Saturday Night: Iron Maiden at The Woodlands
With 15 studio albums and at least as many world tours now under its belt, Iron Maiden is not a band from which fans are seeking innovative new sounds. More than 30 years after they shoved heavy metal in an electrifying new direction with their self-titled debut and sophomore classic, Killers, the British rock stalwarts' show is mostly a celebration of reliability: Reliable riffs, reliable props and reliable precision.
Saturday night at the Cynthia Woods Mitchell Pavilion, Iron Maiden reliably delivered. Better than many of their peers on the heavy-metal nostalgia circuit, Maiden is adept at infusing nostalgia with novelty. This summer's Maiden England World Tour harkens back to the band's 1989 live VHS of the same name, which captured the band's '88 tour in support of the album Seventh Son of a Seventh Son. That trek's 24-year-old set list and stage dressings were dusted off for the occasion.
Rehashed as it was, the show was still spectacular. Not just spectacular for some old dudes with pointy guitars, either -- just plain spectacular, period. A lot of the credit has to go to the crowd. A fist-pumping sea of black Iron Maiden shirts, they joyously hung on every note.

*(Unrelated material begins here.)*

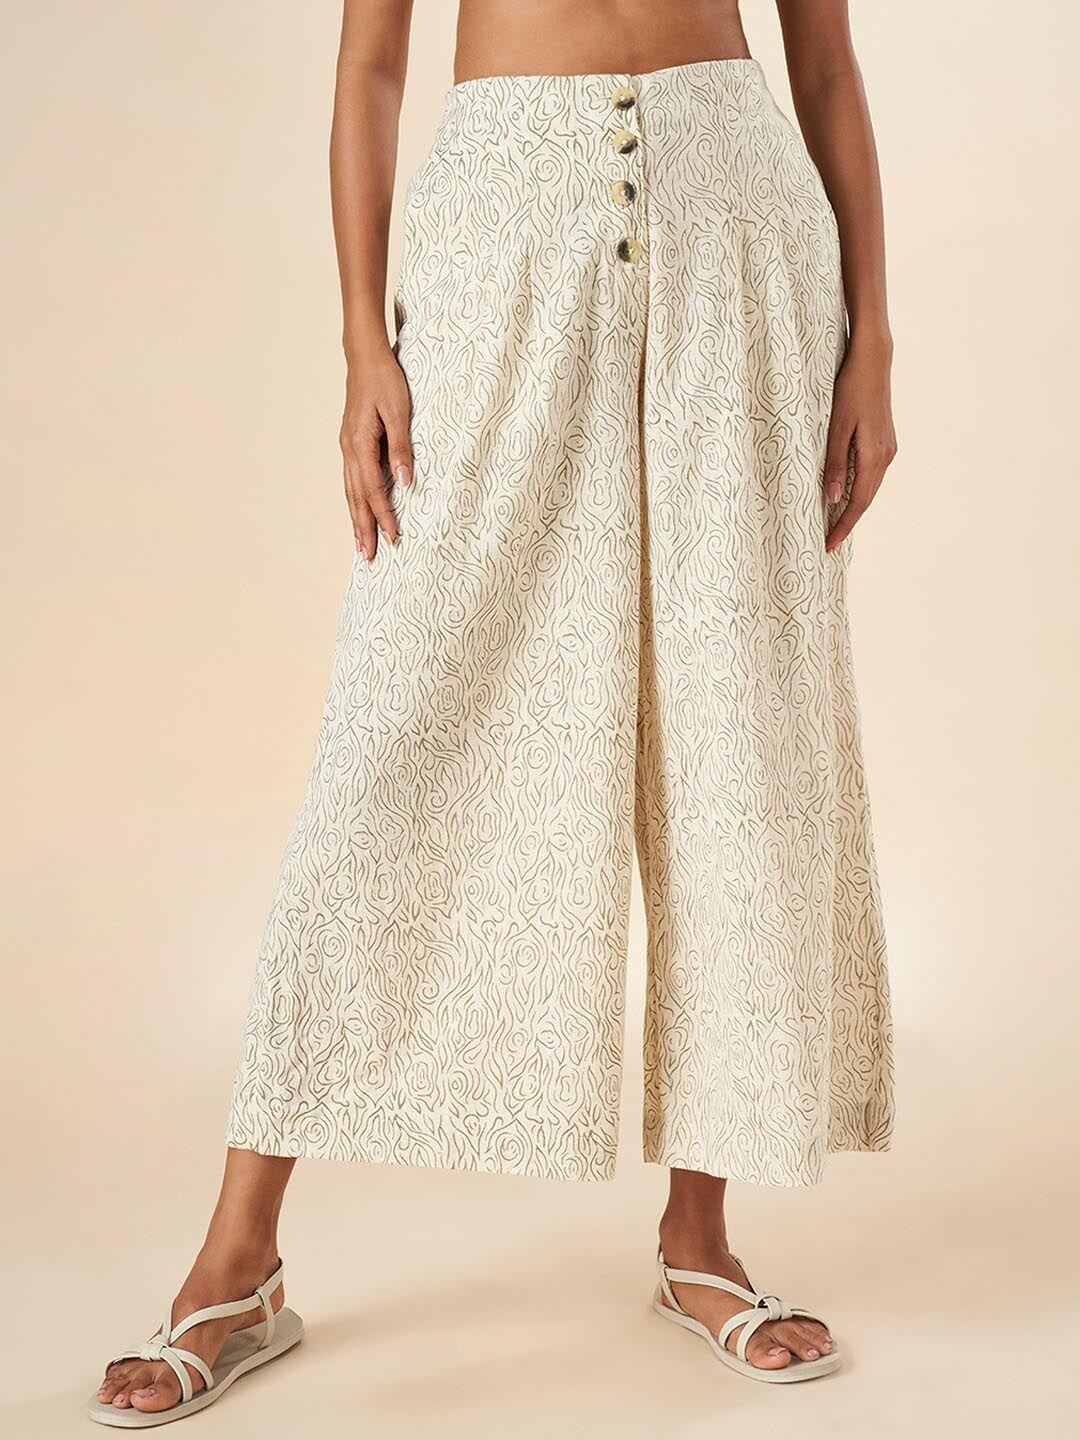 akkriti-by-pantaloons-women-flared-abstract-printed-cotton-cropped-parallel-trousers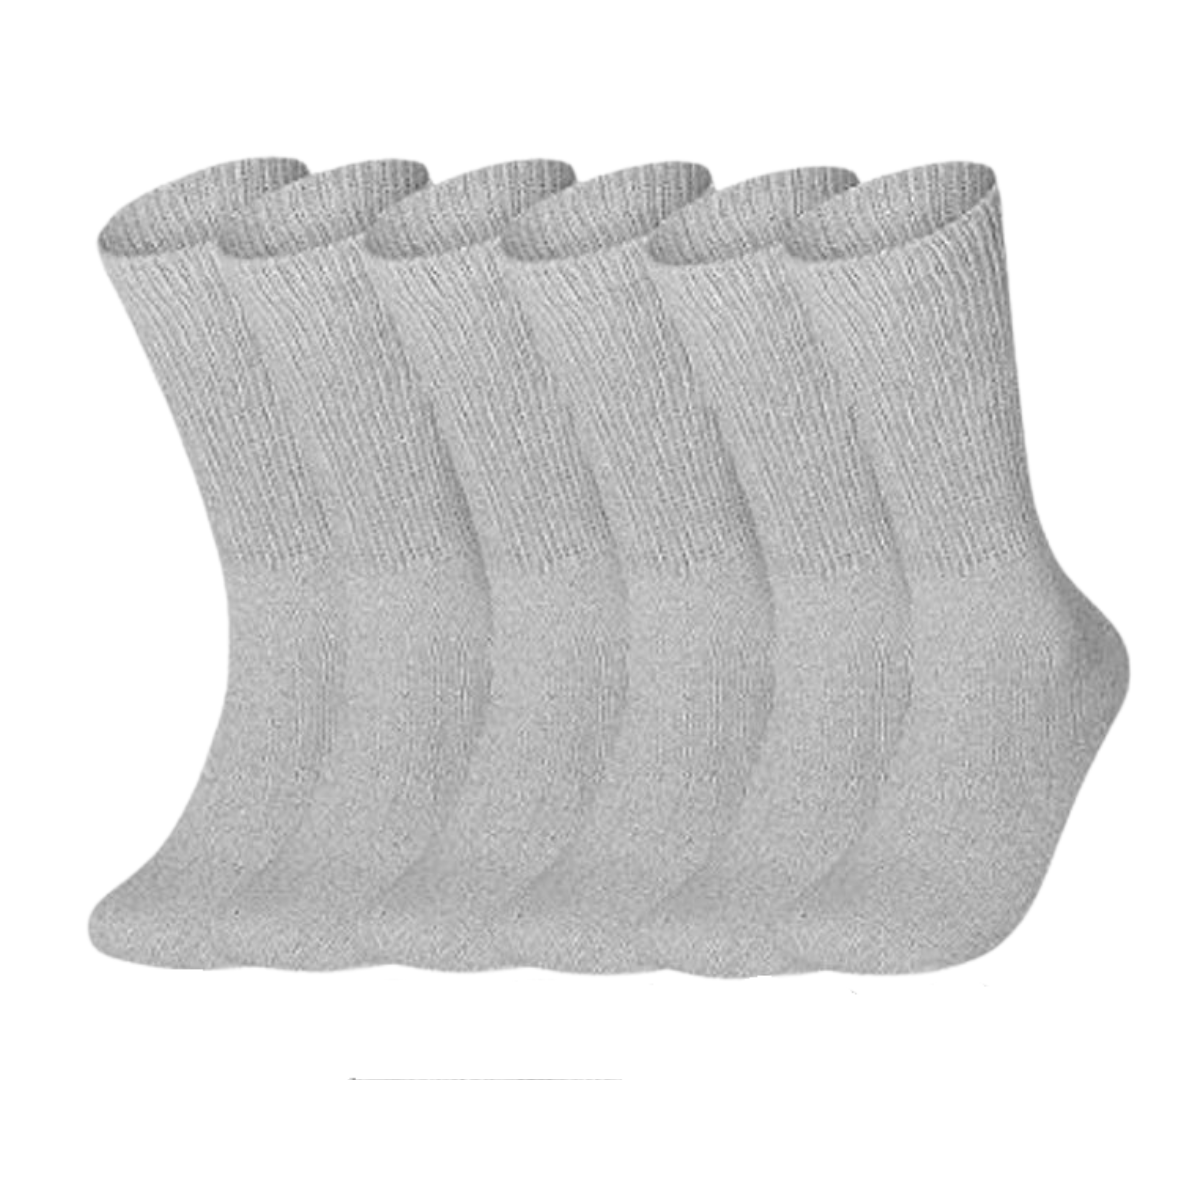 calcetines sin compresion – racotex

After a modestly received set by emo progsters Coheed and Cambria, Maiden appeared to orgiastic approval for a pair of tunes from Seventh Son, "Moonchild" and "Can I Play With Madness." On a stage set to resemble the frozen hell depicted on that record's cover, the band would go on to play more than half of the album's songs, several of which have become live rarities in the ensuing decades.
During the doomsday revel "2 Minutes to Midnight," Maiden comfortingly (and convincingly) proved that they can still match their fans' energy. Steve Harris fired off machine-gun licks on his bass as singer Bruce Dickinson nimbly leapt off of monitors, just as they always have. Drummer Nicko McBrain was completely obscured by his kit in the middle of the group's multi-tiered set, but when the cameras caught his face, he looked once again to be having more fun than anyone else in the amphitheater.
The ecstatic crowd was more than happy to play its role in the show, too. They banged their heads, clapped their hands and held up hundreds of posters, banners and flags as electricity crackled through the venue. Though many in attendance looked old enough to be reliving long-gone high-school salad days, a large contingent of teens in the crowd were clearly having their minds blown for the very first time.
"Scream for me, Houston!" Dickinson demanded, and the audience repeatedly obliged.